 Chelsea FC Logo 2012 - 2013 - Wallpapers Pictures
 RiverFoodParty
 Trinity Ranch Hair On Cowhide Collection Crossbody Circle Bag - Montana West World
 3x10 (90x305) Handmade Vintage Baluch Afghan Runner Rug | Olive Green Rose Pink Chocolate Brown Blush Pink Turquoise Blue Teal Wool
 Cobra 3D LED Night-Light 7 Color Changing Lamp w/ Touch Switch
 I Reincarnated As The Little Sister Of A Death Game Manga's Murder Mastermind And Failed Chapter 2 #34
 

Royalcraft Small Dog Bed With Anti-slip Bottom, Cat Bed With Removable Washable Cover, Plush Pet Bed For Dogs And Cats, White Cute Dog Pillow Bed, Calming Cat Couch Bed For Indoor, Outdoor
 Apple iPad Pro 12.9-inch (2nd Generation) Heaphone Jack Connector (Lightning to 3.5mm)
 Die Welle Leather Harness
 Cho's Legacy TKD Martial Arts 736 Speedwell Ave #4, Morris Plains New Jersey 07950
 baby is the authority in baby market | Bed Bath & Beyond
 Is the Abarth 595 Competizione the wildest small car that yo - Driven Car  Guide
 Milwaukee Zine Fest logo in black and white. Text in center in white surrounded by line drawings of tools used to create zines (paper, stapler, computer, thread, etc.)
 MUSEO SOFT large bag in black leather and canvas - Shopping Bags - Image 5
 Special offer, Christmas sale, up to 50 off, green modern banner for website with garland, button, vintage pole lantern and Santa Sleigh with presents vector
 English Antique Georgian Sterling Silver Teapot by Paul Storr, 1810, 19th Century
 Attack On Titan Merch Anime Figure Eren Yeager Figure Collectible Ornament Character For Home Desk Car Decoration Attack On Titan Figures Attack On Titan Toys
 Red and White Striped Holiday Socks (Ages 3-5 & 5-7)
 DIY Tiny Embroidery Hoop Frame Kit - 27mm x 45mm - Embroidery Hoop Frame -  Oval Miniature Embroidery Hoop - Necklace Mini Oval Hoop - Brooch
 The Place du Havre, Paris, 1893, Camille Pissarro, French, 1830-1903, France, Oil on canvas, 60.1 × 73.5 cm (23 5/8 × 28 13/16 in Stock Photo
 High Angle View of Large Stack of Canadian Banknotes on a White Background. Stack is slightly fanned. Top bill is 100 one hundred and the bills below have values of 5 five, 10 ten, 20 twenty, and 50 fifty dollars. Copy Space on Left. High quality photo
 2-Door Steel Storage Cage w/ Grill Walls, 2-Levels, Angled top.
-----
_WHAT NEEDS TO BE DONE:_
Reproduce the lines of the entries above from the one with "3x10 (90x305) Handmade" to the one with "Cobra 3D LED", both included, exactly and without any other line.

_EXERCISE RESULT:_
 3x10 (90x305) Handmade Vintage Baluch Afghan Runner Rug | Olive Green Rose Pink Chocolate Brown Blush Pink Turquoise Blue Teal Wool
 Cobra 3D LED Night-Light 7 Color Changing Lamp w/ Touch Switch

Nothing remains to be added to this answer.